But yeah, I agree, I have no fucking clue why they decided on this crazy idea to do internal politicking instead of a bog standard fight against an external threat for a world that's meant to only be one amongst many that the MC is supposed to be visiting. The story they settled on is competing with the main conflict (between Express team and Stellaron Hunters or IPC) for limited attention.
Frankly the Luofu/Xianzhou stuff is more interesting to me than what IPC is planning, but it doesn't make sense to put both stories into the same game. And given the distribution of characters they've released, I'm beginning to think the writers themselves want to focus on space!China more than the actual space travel stuff. (I think over half of the released characters are from the Xianzhou Alliance at this point.) In which case, why is that other stuff there?!
no subject
Date: 2024-08-31 15:20 (UTC)Or is the high sales for Acheron (JP design) and Firefly (western-based design) would telling them they should keep to churn out new planets/settings that are not CN, instead of making more Xianzhou ships (like Yaoqing, Zhuming, etc) as new planets to visit. Because I think part of the problem with Xianzhou storytelling is that we kept thrown back to the Luofu for everything related, so we never get a feel for the overarching Xianzhou Alliance culture/government structure, and it feels like the Luofu itself is more of a mess because all the problems of the Alliance gets dumped on it during the off-season chapters. -_-
no subject
Date: 2024-09-01 01:22 (UTC)I mean, based on what you've told me, the reason for a character selling well has everything to do with mechanics. Hard core is going to be the biggest spenders, and they don't care about story, they're chasing after meta. And the meta is designed to favor non-CN designed characters constantly. If the mechanics favored the likes of Yanqing, Jing Yuan, etc. for an extended time, I can guarantee those characters will become the best sellers, story or no story.
This honestly makes me think Xianzhou was intended as a one-off, with the IPC/Stellaron Hunters being the main arc. I don't know what the hell is going on in the back in terms of development, but it feels more and more like they simply tried to cannibalize another unrelated game (that's probably Xianxia/Wuxia themed a la World of Wushu) and tried to force it into the Star Rail cosmology.

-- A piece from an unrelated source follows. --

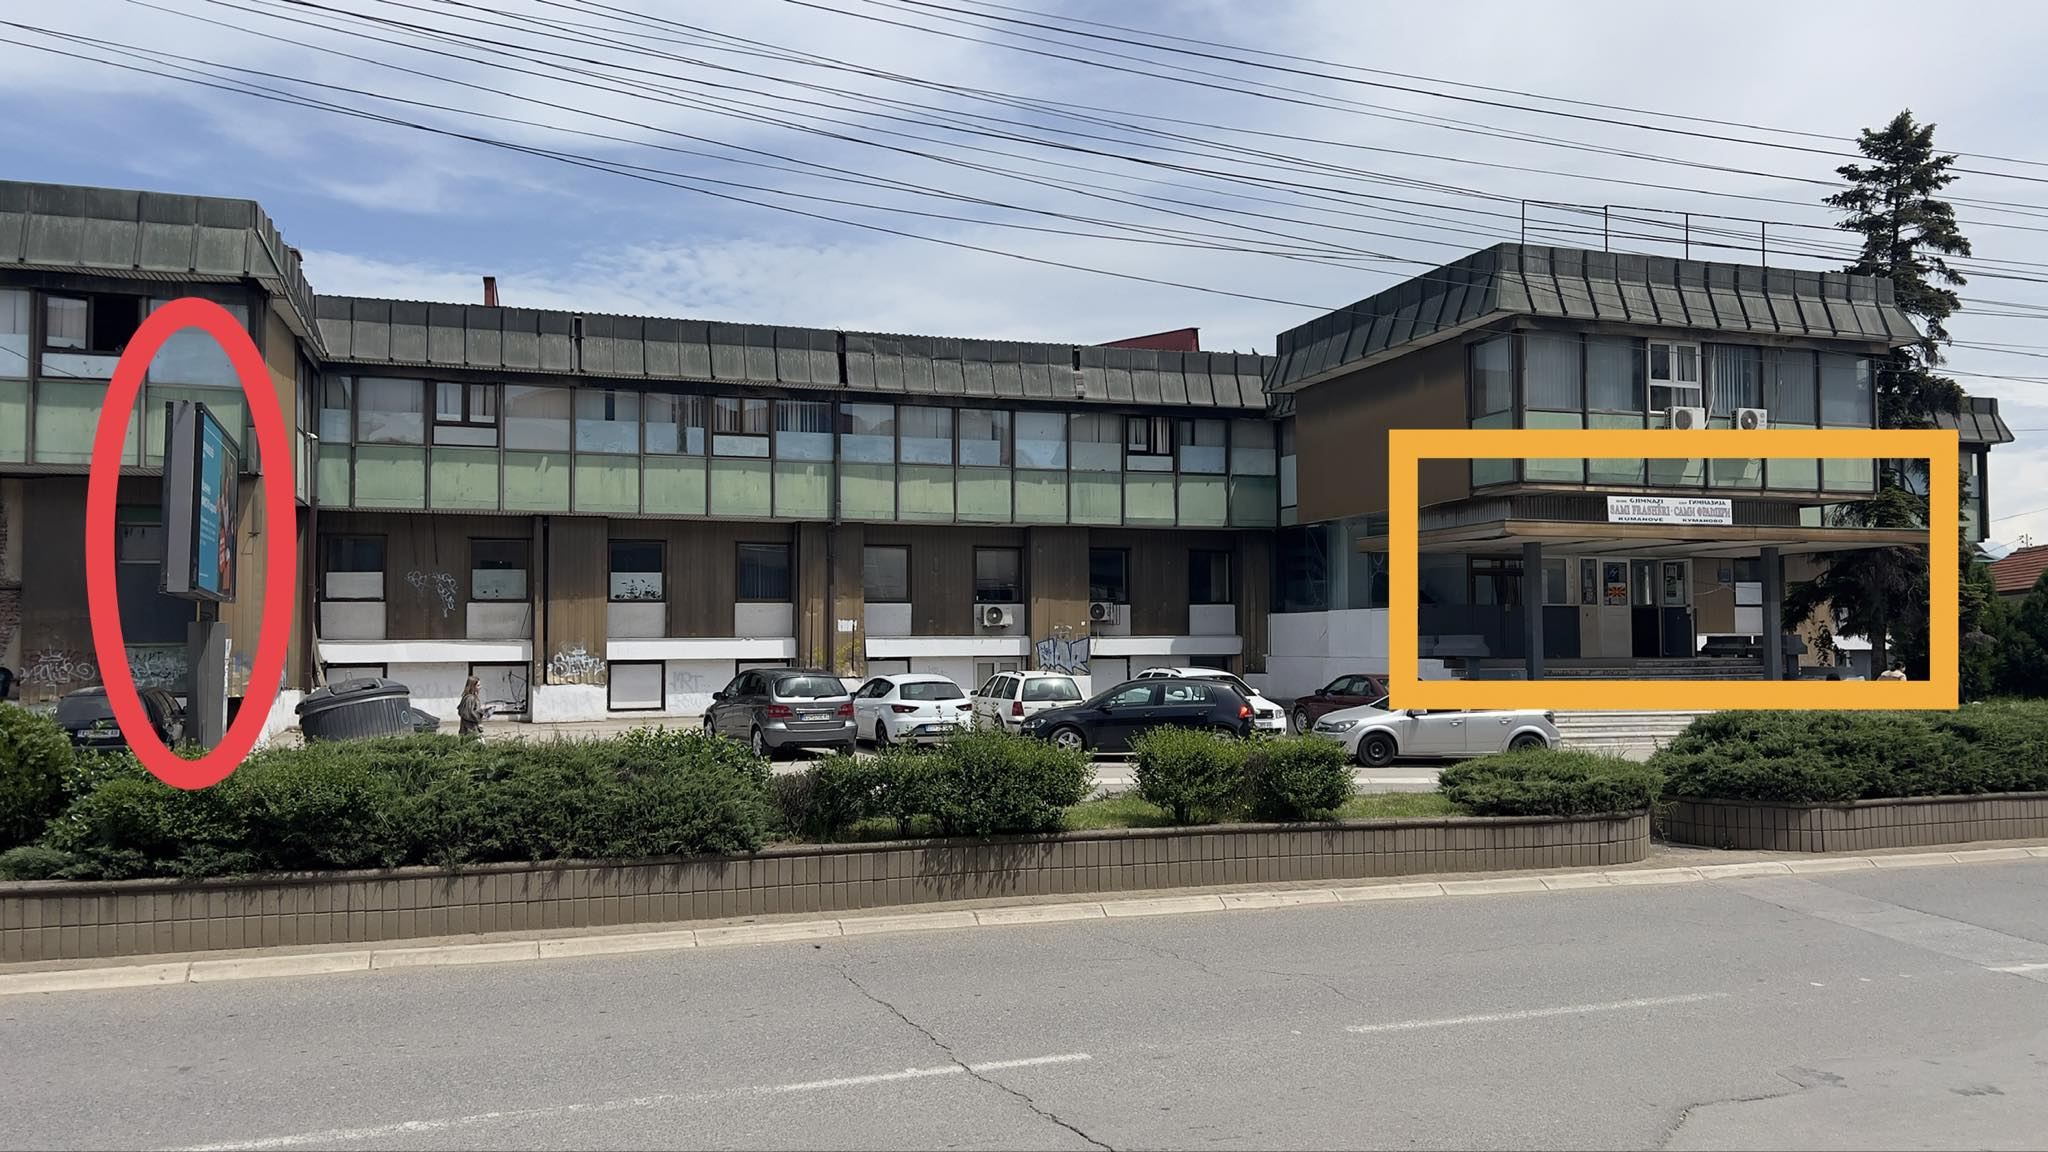 Billbord reklamues nga një parti politike qëndron në oborrin e Gjimnazit të Kumanovës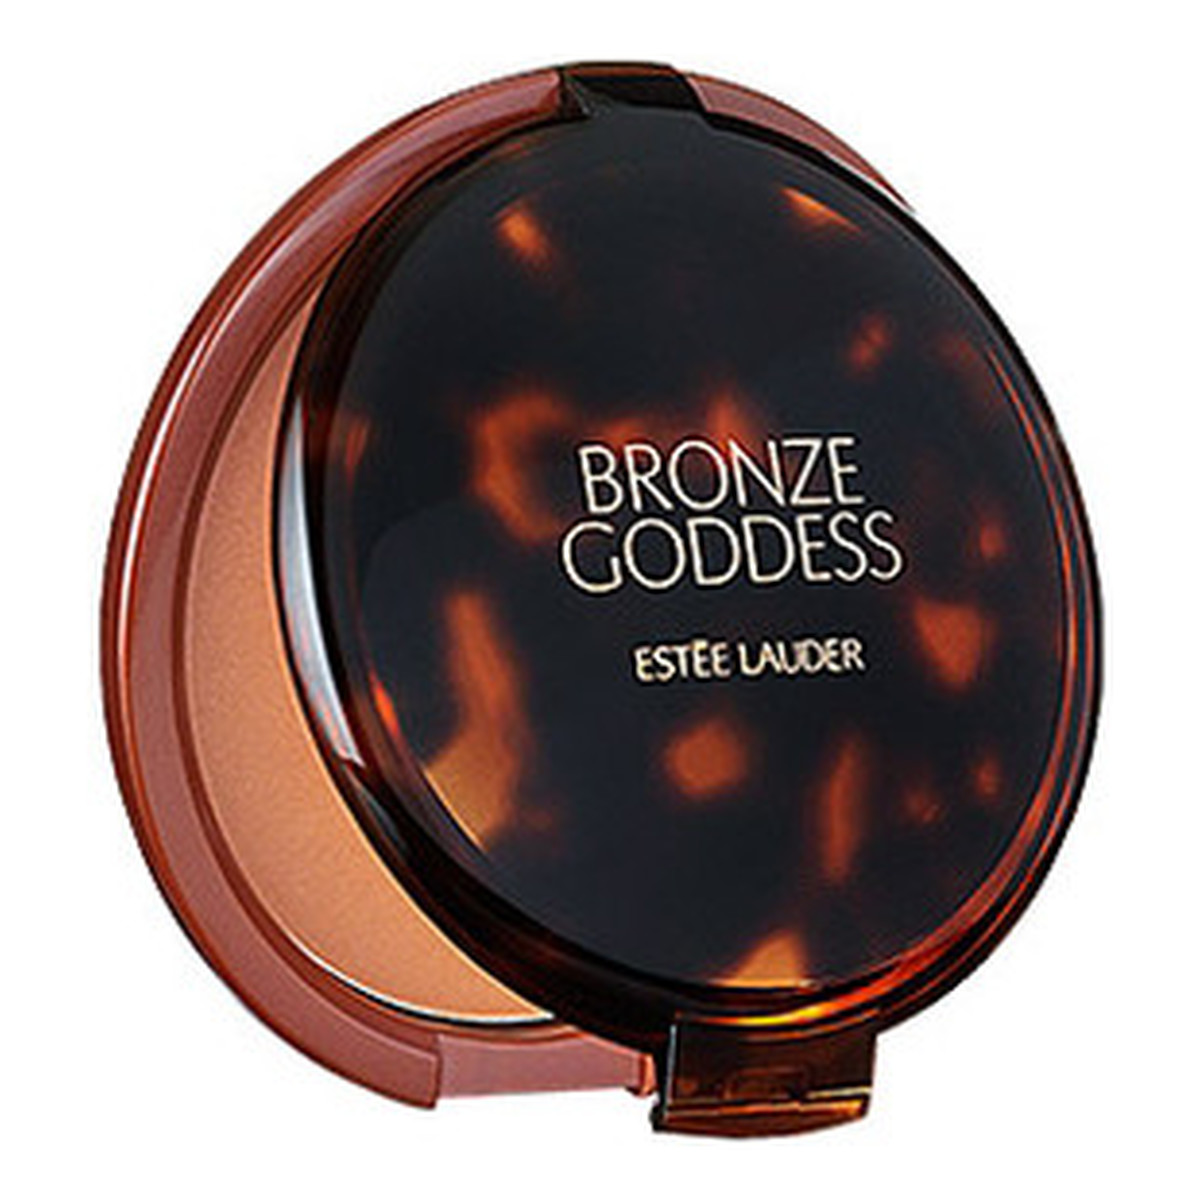 Estee Lauder Bronze Goddess Powder Bronzer puder brązujący 21g

This is the other reason it doesn't feel like Xianzhou is actually meant to be an extended story at all. See how Jarilo-IV only has one developed city, or Penacony has only one developed hotel despite being an entire planet. Maybe in three to five years I will be proven wrong; that actually HSR knew what they were doing this whole time and tried to use a western sci-fi aesthetic to trick gamers into playing a Xianxia-in-space game instead. But at this point, it just looks like two different games got mushed together.
no subject
Date: 2024-09-01 05:43 (UTC)Besides, the powercreep will always favor the "next" story centric character. As long as there are future chapters revisiting the Xianzhou (like the current patch), there will always be new Xianzhou characters. Feixiao, from all accounts, is a meta DPS, replacing Dr. Ratio in the follow-up meta team. Sales are likely to be high, though at least partially also because she's going up along with the first triple rerun banner, which includes Robin, a highly anticipated rerun. *shrug*
As for the Xianzhou theme... I think the Xianxia in space was planned all along. The problem is the genre clash with the more...western themes of the other planets is kinda glaring. I do think it would help if we got the other Xianzhou ships as separate "planets", each with a different take at the Space!China idea. Like, a modern-china-themed Yaoqing (which I'd imagine to be a bit like New Kaineng from GW2 :p), a cyberpunk-themed Zhuming, maybe a bronze-themed Yuque or something... and then with slightly different cultural themes as well to go with...
no subject
Date: 2024-09-01 06:37 (UTC)I mean...doesn't that also correlate to the fact that male characters are generally less meta than female characters as a whole? The fact that Feixiao is replacing Dr. Ratio so quickly seems to be an indication that male characters aren't going to get much of a fair shake in the meta cycle chase.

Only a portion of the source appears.